Consumer matters
Issue date
AER reference
NR 08/23

The Australian Energy Regulator (AER) has today released its final determination for the 2023–24 Default Market Offer (DMO).

The DMO is an electricity price safety net that protects consumers from unjustifiably high prices and applies to household and small business customers, on standard retail plans, in South Australia, New South Wales and south-east Queensland.

The final DMO determination prices vary slightly from the draft announced in March, higher in some regions and lower in others, with wholesale energy costs continuing to be the predominant driver of increased retail electricity prices.

From 1 July 2023 residential customers on standard retail plans will see price increases of 20.8% to 23.9% without controlled load, depending on their region, and between 19.6% to 24.9% with controlled load, depending on their region.

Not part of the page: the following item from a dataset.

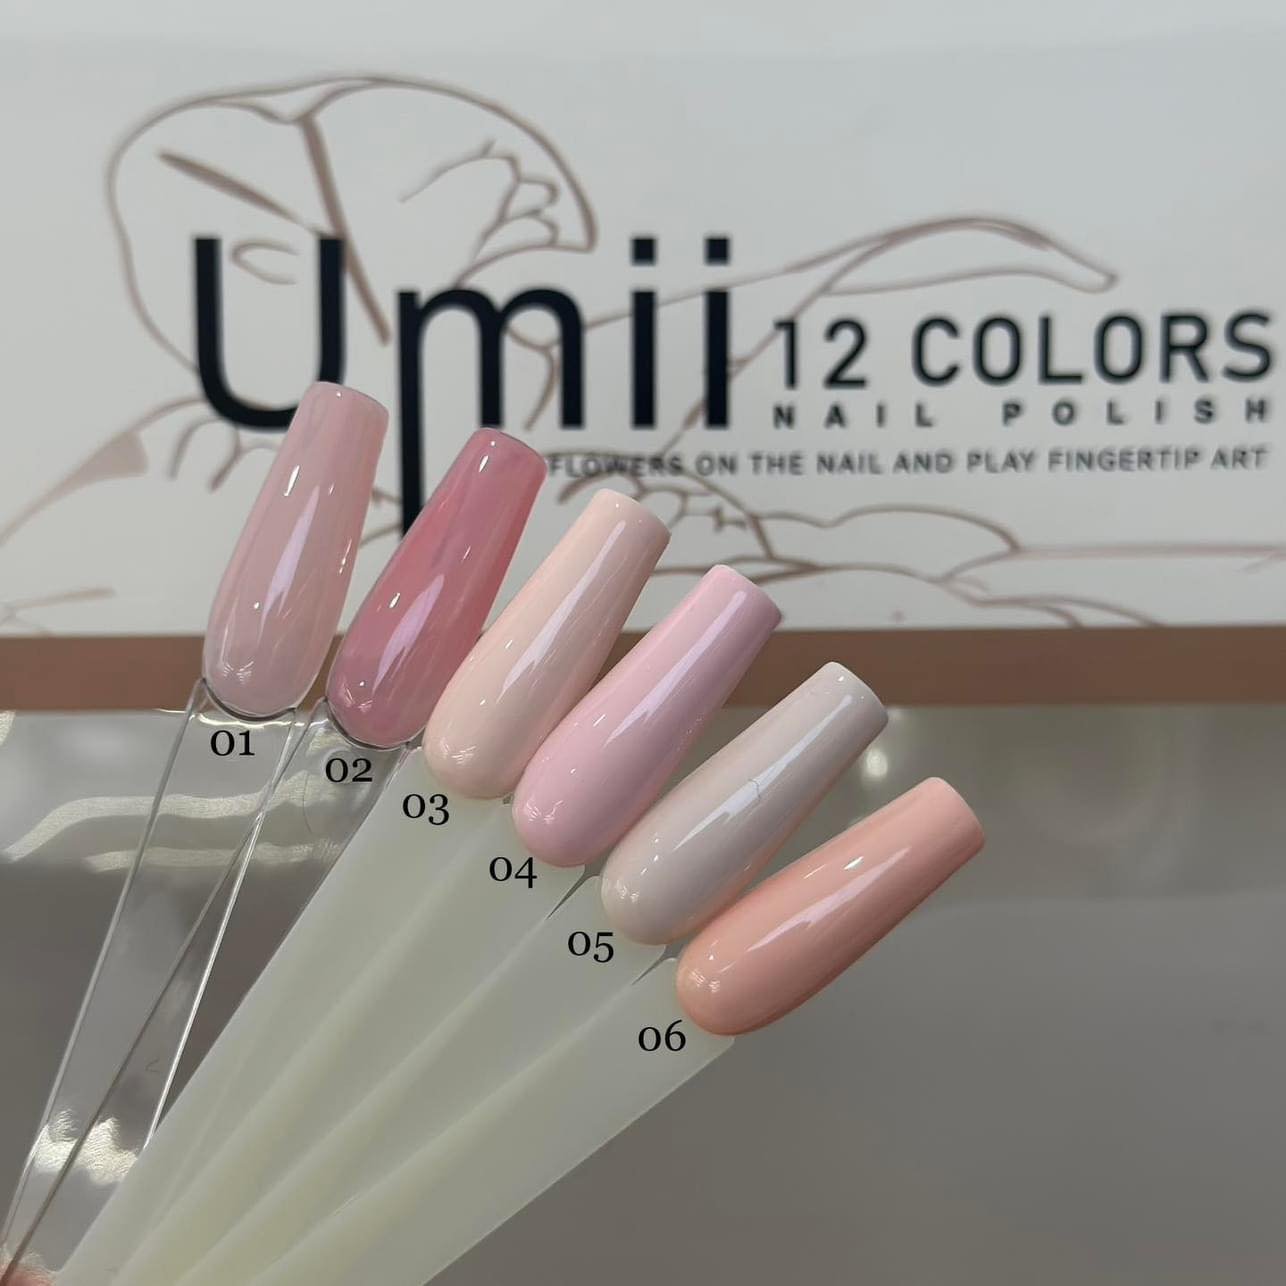 Set sơn hồng umii ( 12 màu) +tặng kèm bảng màu

Small business customers are facing increases of 14.7% to 28.9%, depending on their region.

Since releasing its draft determination in March 2023 the AER has taken into account stakeholder feedback and has factored in updated wholesale, network, environmental schemes and retail costs, the latest inflation forecasts and reduced the retail allowance in NSW. Governments have also announced electricity bill relief measures for eligible households and small businesses as part of the Energy Bill Relief Plan. 

AER Chair Ms Clare Savage said, in making its carefully balanced decision, the regulator considered the cost-of-living pressures faced by households and businesses and the need for retailers to recover reasonable costs so they can continue to serve customers.

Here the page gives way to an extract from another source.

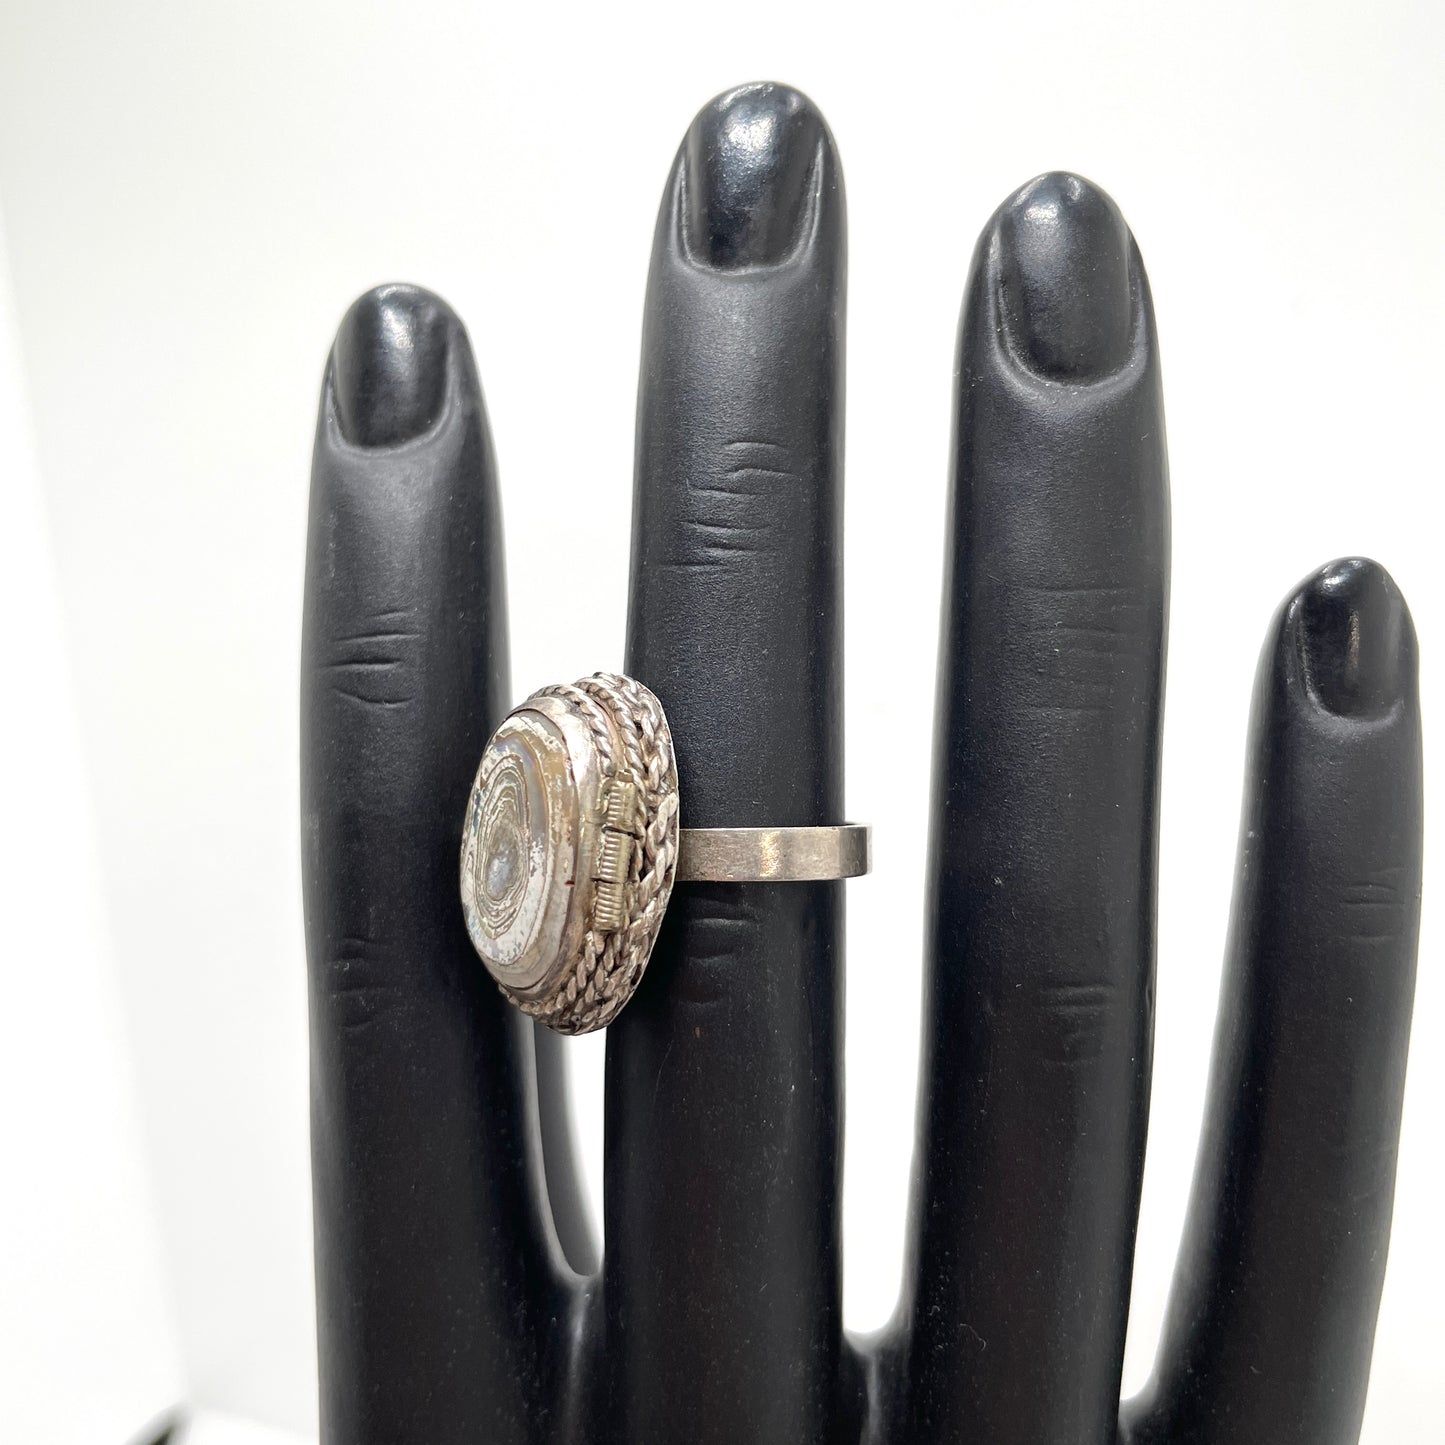 Vintage Sterling Silver Abalone Locket Ring - Adjustable Size

“We know households and small businesses continue to face cost-of-living pressures on many fronts, and that’s why it’s important the DMO provides a safety net for those who might not have shopped around for a better power deal,” Ms Savage said.

“In setting the DMO price this year we have sought to protect consumers from unjustifiably high prices and at the same time allow retailers to offer consumers better deals than their standard plans.

“No one wants to see rising prices, and we recognise this is a difficult time, that’s why it’s important for consumers to shop around for a better deal by using the free and independent bill comparison website www.energymadeeasy.gov.au and to check rebate and concession eligibility.

“Consumers struggling to pay their energy bills should always contact their retailer as soon as possible because, under the national energy laws, retailers must provide assistance,” Ms Savage said.

AER final DMO prices – 1 July 2023 (includes change year-on-year)
Distribution zone Residential without controlled load (CL)* Residential with controlled load Small business without controlled load
Ausgrid (NSW) $1,827 (3,911 kWh) $2,562 (flat rate 4,813 kWh + CL 2,005 kWh) $4,999 (10,027 kWh)
Change y-o-y +$315 (20.8%) +$440 (20.7%) +$639 (14.7%)
Endeavour (NSW) $2,228 (4,913 kWh) $2,977 (flat rate 5,214 kWh + CL 2,206 kWh) $4,598 (10,027 kWh)
Change y-o-y +$392 (21.4%) +$594 (24.9%) +$816 (21.6%)
Essential (NSW) $2,527 (4,613 kWh) $2,977 (flat rate 4,613 kWh + CL 2,005 kWh) $5,761 (10,027 kWh)
Change y-o-y +$435 (20.8%) +$487 (19.6%) +$860 (17.5%)
Energex (SE QLD) $1,969 (4,613 kWh) $2,363 (flat rate 4,412 kWh +CL 1,905 kWh) $4,202 (10,027 kWh)
Change y-o-y +$349 (21.5%) +$402 (20.5%) +$756 (21.9%)
SAPN (SA) $2,279 (4,011 kWh) $2,787 (flat rate 4,212 kWh + CL 1,805 kWh) $5,849 (10,027 kWh)
Change y-o-y +$439 (23.9%) +$512 (22.5%) +$1,310 (28.9%)

*CL: Residential customers with controlled load: These are separately metered tariffs used for appliances such as electric hot water storage systems, pool pumps or underfloor heating.